=== Information supplied ===
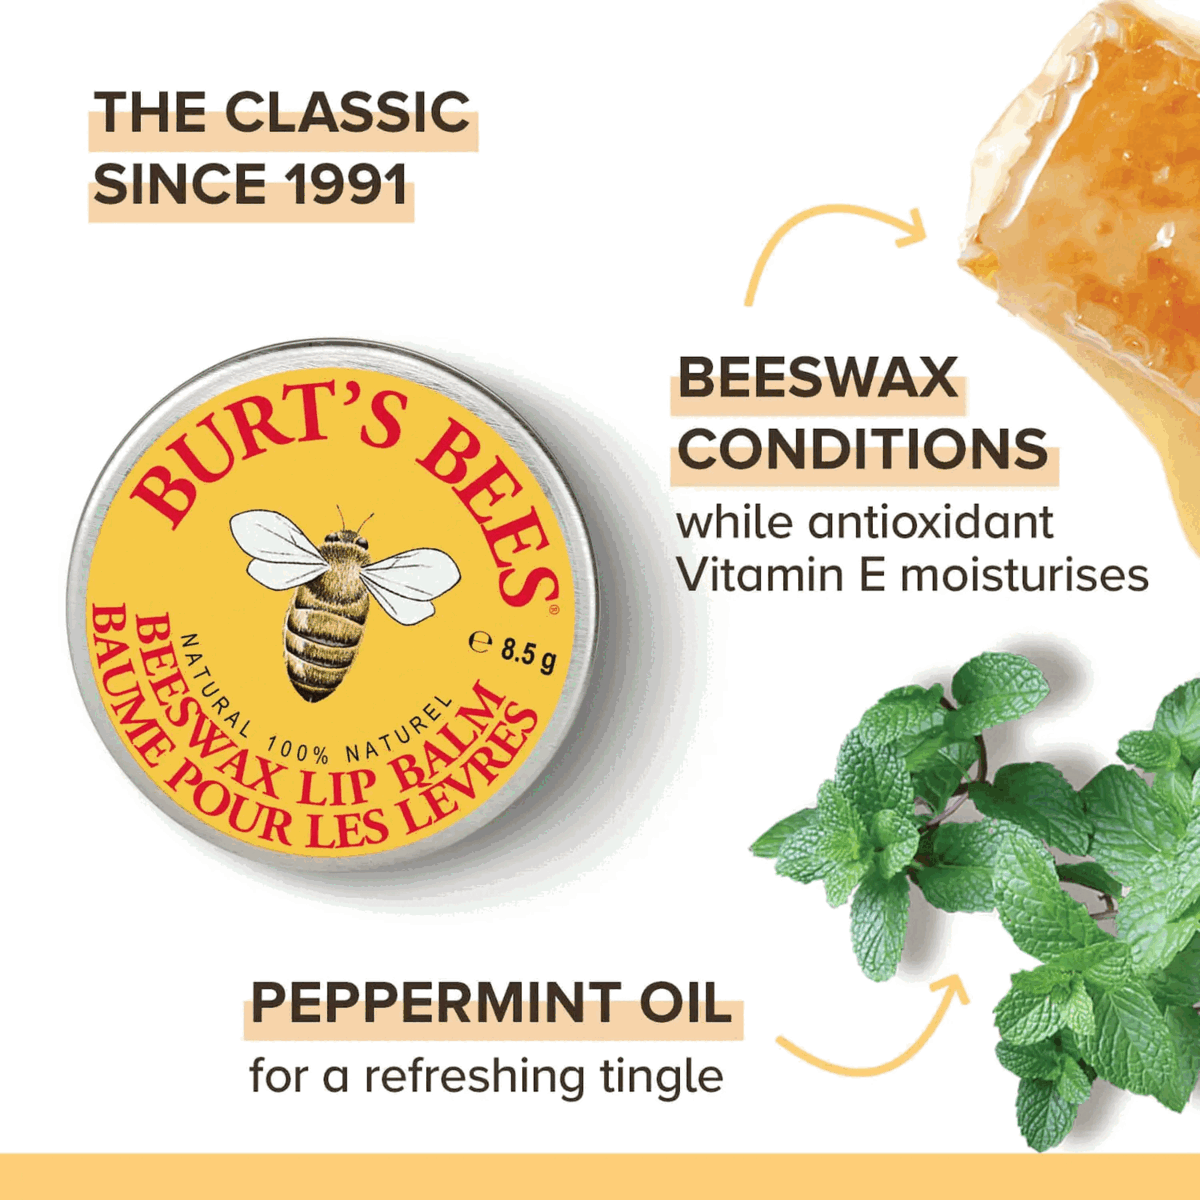 THE CLASSIC SINCE 1991 
            BEESWAX CONDITIONS while antioxidant Vitamin E moisturises 
            PEPPERMINT OIL for a refreshing tingle ,
            KIND TO SKIN & PLANET SINCE 1984 
            Ingredients From Nature 
            Leaping Bunny Certified 
            Landfill-free Operations 
            oiA 
            Responsible Sourcing 
            Recyclable Packaging 
            c.,401p,00 CAPRI CarbonNeutral® NEUTRAL® Certified c°,71 p a<\'i
===
Required work
Exact copies of the lines from the one with "Ingredients From Nature" through the final line of the listing should be returned, and no other lines.

Completed task
            Ingredients From Nature 
            Leaping Bunny Certified 
            Landfill-free Operations 
            oiA 
            Responsible Sourcing 
            Recyclable Packaging 
            c.,401p,00 CAPRI CarbonNeutral® NEUTRAL® Certified c°,71 p a<\'i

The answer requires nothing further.